Egyptian-Belgian academic and architectural engineer

Shady Attia is an Egyptian-Belgian academic and architectural engineer. He is a professor of Sustainable Architecture and Building Technology at the University of Liège, where he leads the Laboratory of Sustainable Building Design.

== Education ==
Attia completed his undergraduate studies in architectural engineering at the Faculty of Fine Arts at Helwan University in 2002. He then pursued a Master of Science in Landscape Design and Urban Planning at Wageningen University, specializing in urban climate. In 2009, he began a PhD in building physics at Texas A&M University and later completed it at UCLouvain, where his research focused on zero-energy buildings, later worked as a Postdoctoral Fellow at the Swiss Federal Institute of Technology Lausanne.

== Career ==
He began his career in 2014 and joined the University of Liège's School of Engineering as a faculty member, becoming an associate professor in 2016 and a Full Professor in 2020. He has authored more than 120 peer-reviewed journal articles and over 100 conference papers, books, and technical reports. He is actively involved with the International Building Performance Simulation Association (IBPSA) and several International Energy Agency (IEA) committees. He is an active member of different ISO committees representing the Belgian Bureau of Normalization with a focus on Circular Economy in the Construction Sector.

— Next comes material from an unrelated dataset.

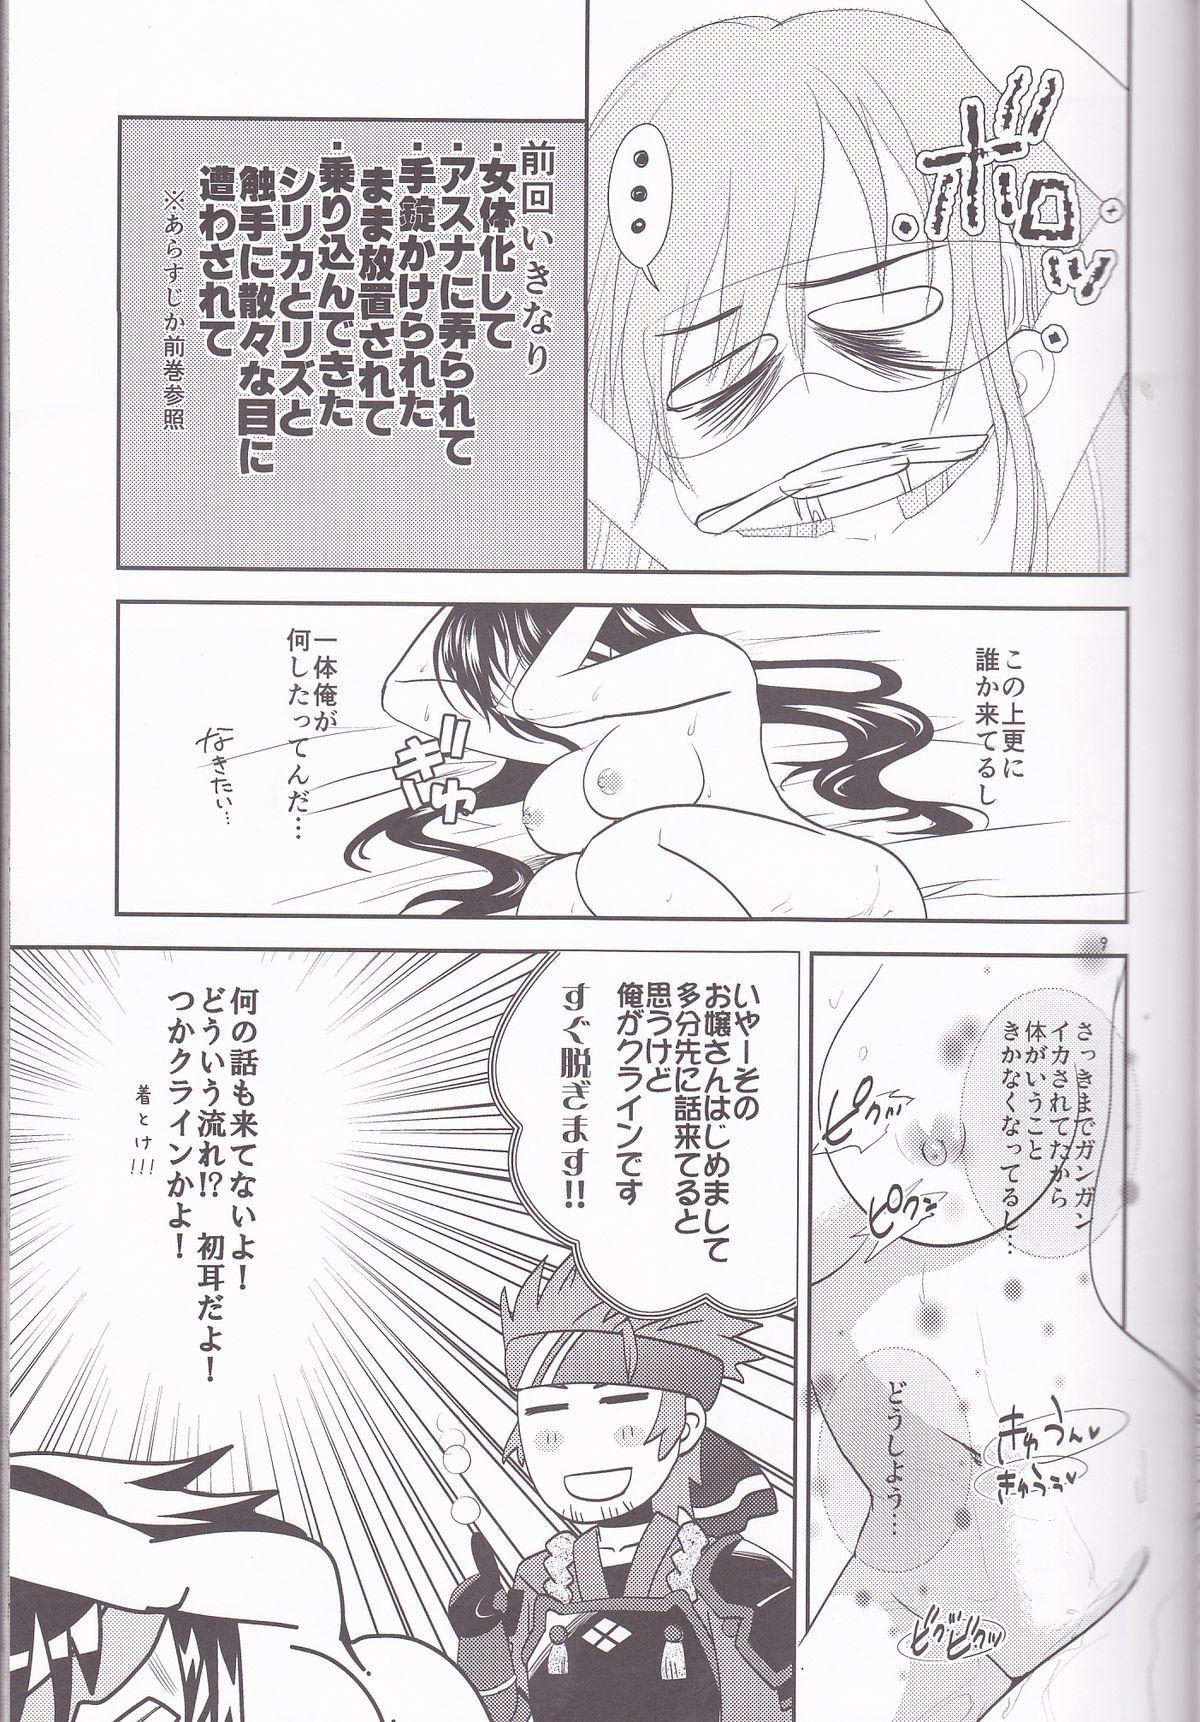 Kirito-kun no shiroku betatsuku nani ka 3 8

He is also a member of the Society of Building Science Educators and co-founder of the Doctoral Seminar for Sustainability in the Built Environment in Belgium.

Attia is ranked among the top 2% of scientists globally by Stanford University, and his book Regenerative and Positive Impact Architecture has been widely used and recognized for its relevance to the United Nations Sustainable Development Goals (SDGs).

== Publications ==
- Attia, S. (2018). Regenerative and Positive Impact Architecture: Learning from Case Studies. Springer International Publishing. ISBN 978-3-319-66717-1.
- Attia, S. (2018). Net Zero Energy Buildings (NZEB): Concepts, Frameworks, and Roadmap for Project Analysis and Implementation. Elsevier. ISBN 978-0128124611

== Accolades ==
He has received recognition for his contributions in solar energy and architectural design, including the Best Paper Award for "Sizing Photovoltaic Systems During Early Design: A Decision Tool For Architects" and the SBSE ASES Solar Conference Scholarship at ASES Solar 2010 in Phoenix, AZ. He also received the ASES Best Paper Award at the same conference.